We briefly stopped in Montgomery because Emily wanted to see the church where Martin Luther King Jr. led the bus boycott. Montgomery, like Lansing or any other state capitol, was dead on a Sunday. There was not a car, not a soul. We were surprised to find that the church was less than a block from the state capitol building. Emily has studied the civil rights movement extensively and could not remember having ever learned that detail. Strange not to remark upon such an interesting circumstance. While the bus boycott went on, and the fight for civil rights grew, the organizers were just steps from the seat of white power in the state.

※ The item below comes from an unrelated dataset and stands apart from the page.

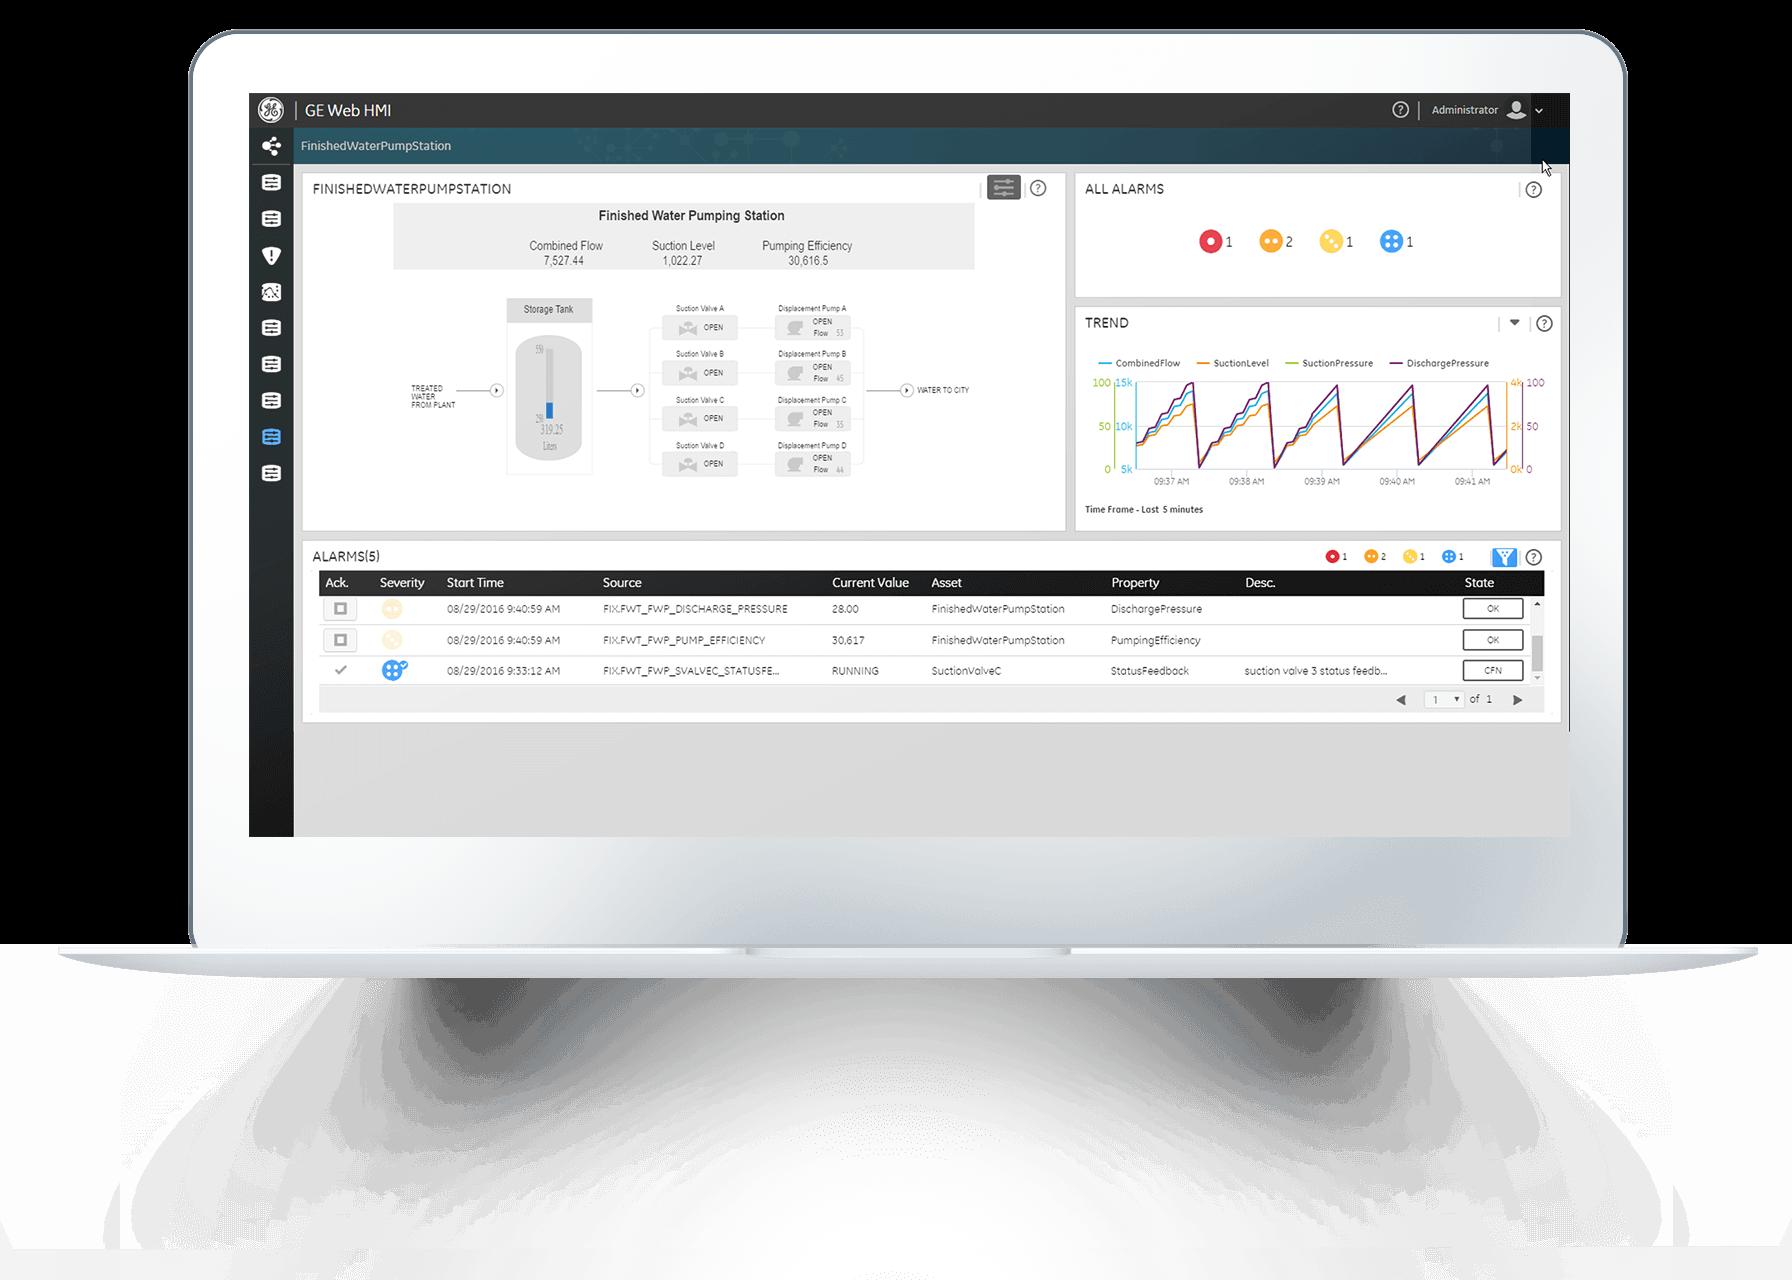 HMI-SCADA-Web-HMI-screenshot-1792x1280-LAPTOP.png

Not much going on in Montgomery. We couldn’t find any buses for Emily to take a symbolic ride. Although I should note that a billboard outside of town advertised that bus drivers eat free at Burger King. We pressed on to Mobile.
Mobile’s main drag, Dauphin, has some beautiful architecture. It is quite a cute little town currently undergoing some rejuvenation. Unfortunately, we were visiting on a Sunday night. As recommended, we went to Wintzell’s Oyster House, where we had po’boys and fried green tomatoes. Our waiter had forearms swelling with muscle and a boyish face. He had lived in Mobile most of his life. However, when asked what essential things we should do there before we left, he was at a loss. He pointed across the street and recommended the bar. He tried to convince us to order an oyster plate rather than the po’boy. While the po’boy was delicious, upon looking at the oysters served to another table, we had made the wrong choice.
Having learned to trust this young man’s recommendations, or at least the implication underlying his recommendations (and lack thereof), we left Mobile early the next day for New Orleans.